*INFORMATION GIVEN*:
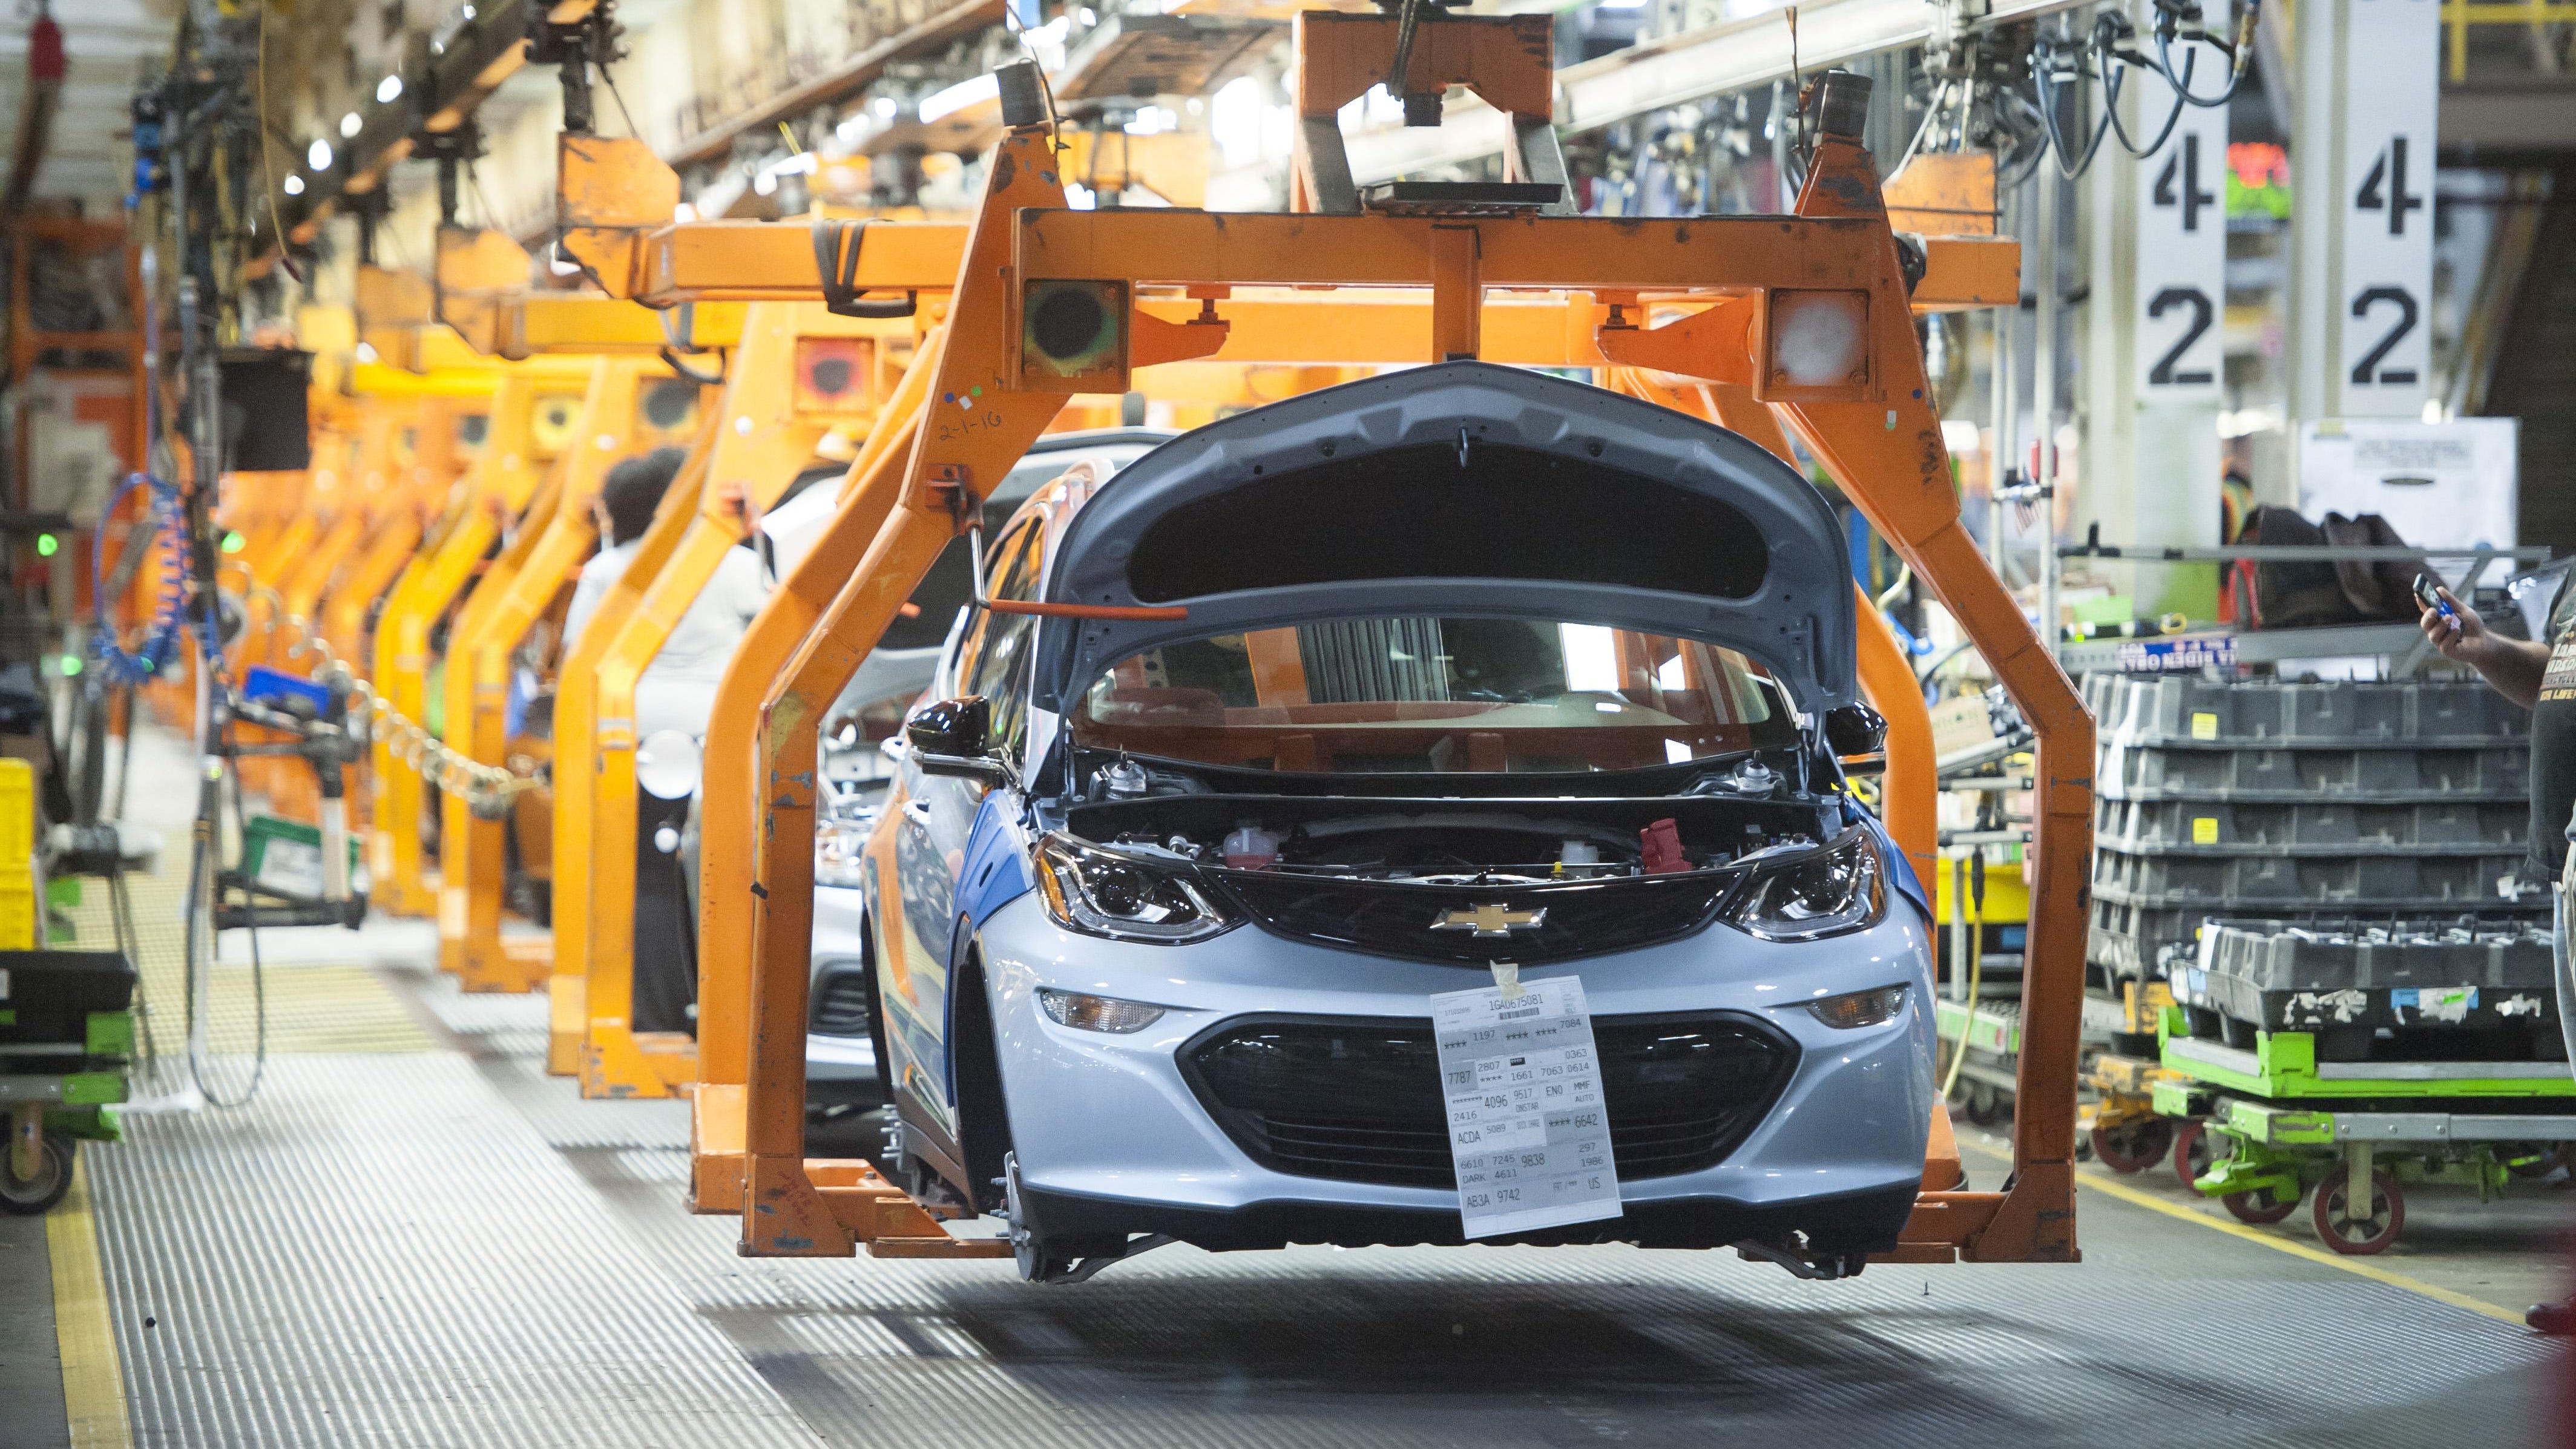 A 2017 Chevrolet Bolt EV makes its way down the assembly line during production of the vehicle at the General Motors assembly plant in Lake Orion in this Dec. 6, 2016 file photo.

...

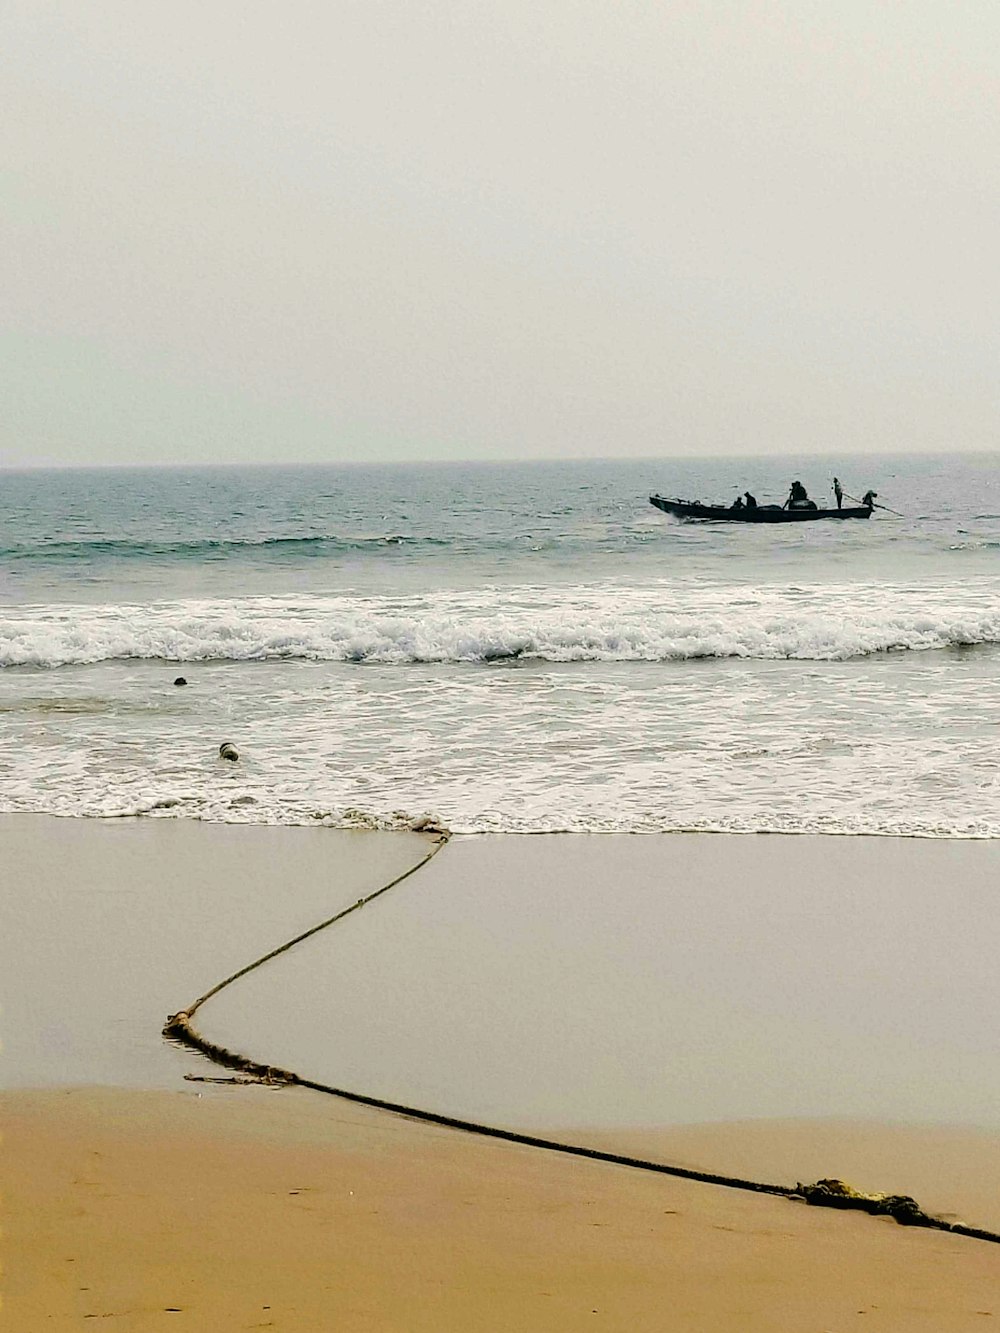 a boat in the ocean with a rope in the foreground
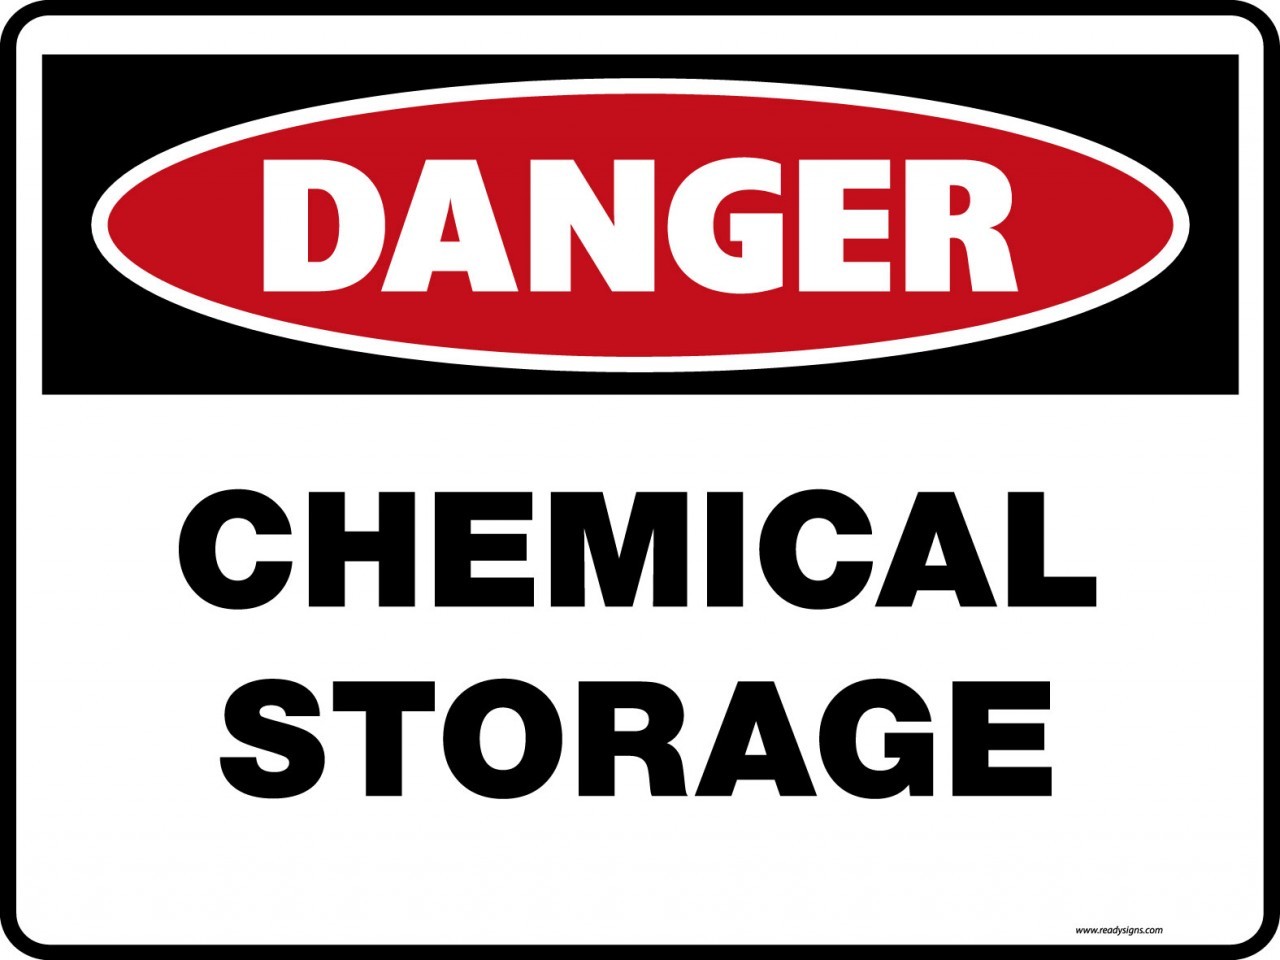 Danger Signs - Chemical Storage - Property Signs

*TASK DIRECTIONS*: In the material above, which lines fall between the one holding "a boat in the" and the one holding "Danger Signs - Chemical", inclusive? Print exactly those, with the pictures left out.

*THE ANSWER*:
 a boat in the ocean with a rope in the foreground
 Danger Signs - Chemical Storage - Property Signs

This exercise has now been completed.